Our daughter has attended summer camp in North Carolina for two years. She loved it so much, she settled on a college there as her second-choice school.
Now, I drove her to camp both summers. But my plan for visiting the college was to fly.
Until she asked if she could bring her surfboard.
Do I know how I wound up with a scuba diving, surfing kid in the middle of Bucks County?
I do not.
But maybe it’s the same way I wound up with the hunter I met in that Philly graduate school.
As I write this, hunting gear hangs in my laundry room and scuba gear is drying on my deck.

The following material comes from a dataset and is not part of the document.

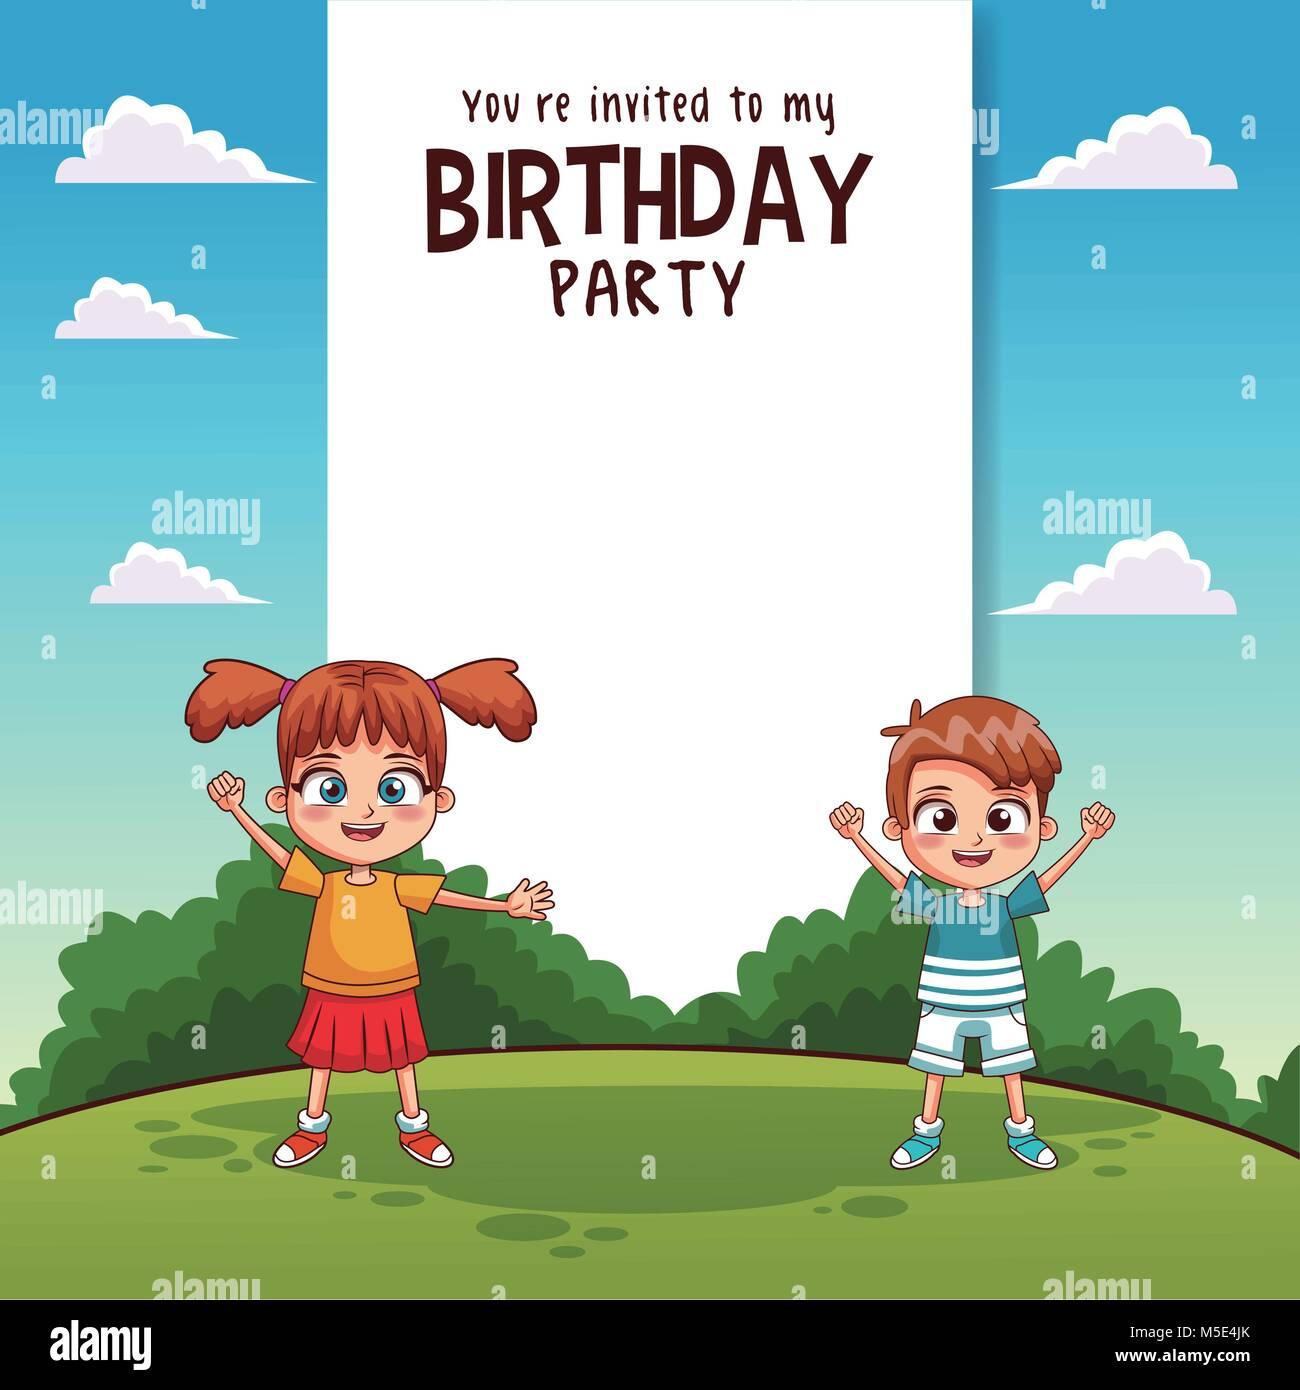 Kids Birthday Party Card Invitation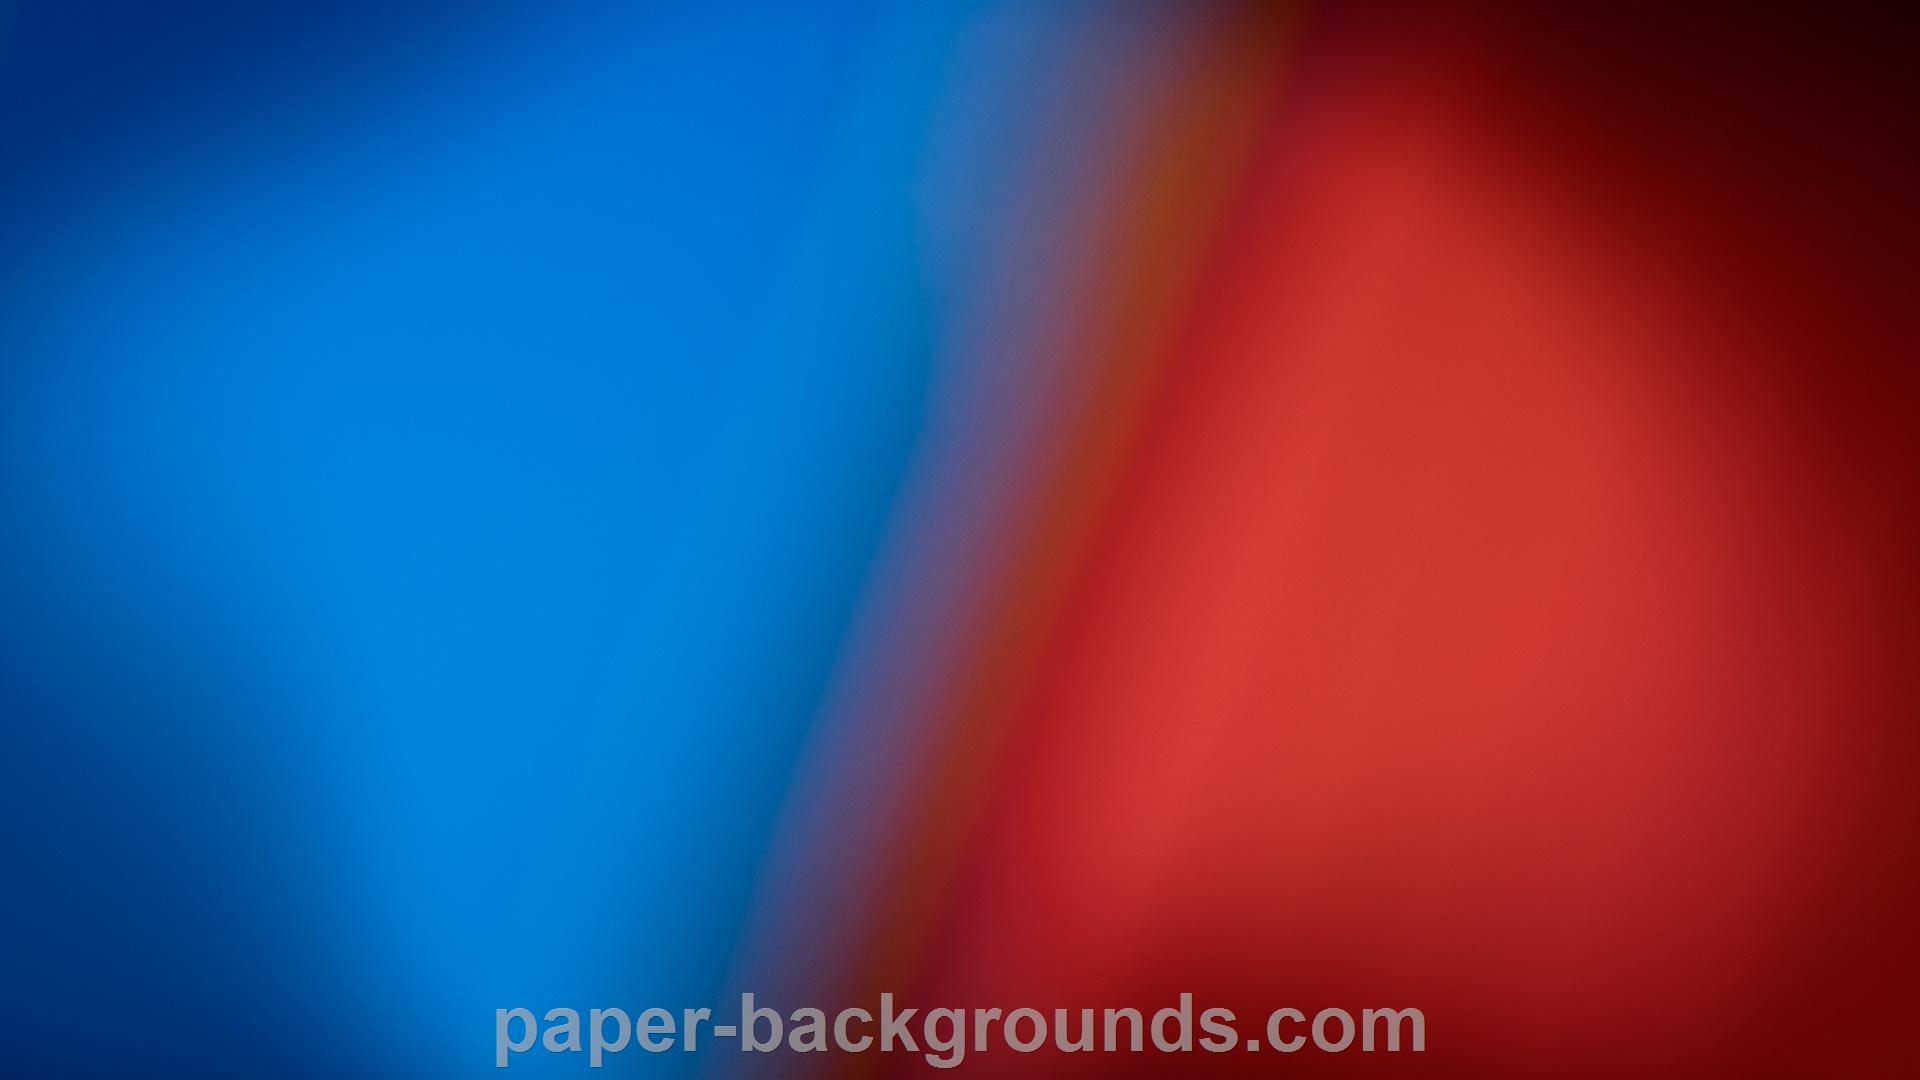 Red Vs Blue Wallpaper 1280x1024

I — I don’t know how I got here.
I do know how I got to North Carolina for that college visit.
I drove.
I don’t know how to bring a surfboard on an airplane. And I wasn’t interested in doing the work of finding out. Driving to North Carolina seemed easier.
And maybe that’s OK because I don’t think Johnny knew how to get a surfboard on an airplane, either.
This year — 2023 — is what I call The Year of New Jersey.
I was already making regular trips to Adventure Aquarium in New Jersey, thanks to that scuba diving, surfing kid cringing at my two-fifths Johnny Cash wardrobe.
That kid became a de facto fixture at the aquarium, so volunteering with their summer camp seemed natural.
Which means I can take the careens from I-95 to the Ben Franklin Bridge like I’m Tom Cruise in Days of Thunder.
Rubbing is racing, am I right?
But this kid of mine, who clearly should have been born to a family on the Equator or in Australia or California, also spent much of the summer surfing in New Jersey.
And then, of course, we got certified to scuba dive in New Jersey.
And because I’ve fallen in love with our Jersey-based dive shop, we continue diving with them.
Which means more time in New Jersey.
Something I didn’t realize about scuba diving — gear gets picked up a day or two before the dive. So any dive means two round trips to Jersey.
Also, when I say “I’ve fallen in love with our dive shop,” what I mean is that I know they won’t let me die while scuba diving.
I have only dived to a depth of twenty feet. But I still feel like Death is stalking that situation.
Surfing and scuba are not the end of my Jersey excursions.
Over the summer, my son did a camp in — yeah — New Jersey. For five days, he and I drove back and forth to Montclair.
One thing I’d like to say about both the Montclair and scuba trips — my phone takes me a different route home than it takes me on our trip into Jersey.
I don’t understand where, geographically, this route lies in relation to our trip into New Jersey. It’s like the woods in The Blair Witch Project — the path into the forest disappears when you turn around.
Maybe I really have been hit by a gravitational wave.
I estimate that, by December’s end, I’ll have driven to New Jersey over 40 times in 2023.
Like Johnny, I’ve been to Baltimore. Last weekend, I added Scranton to the tally.
That’s the mountain air I breathed.
That counts, right?
Johnny travels 112,515 miles. I estimate I’ve traveled just over 15,000.
That’s 13 percent of what Johnny traveled.
Maybe I’m not two-fifths of The Man in Black after all.
But really. Is anyone?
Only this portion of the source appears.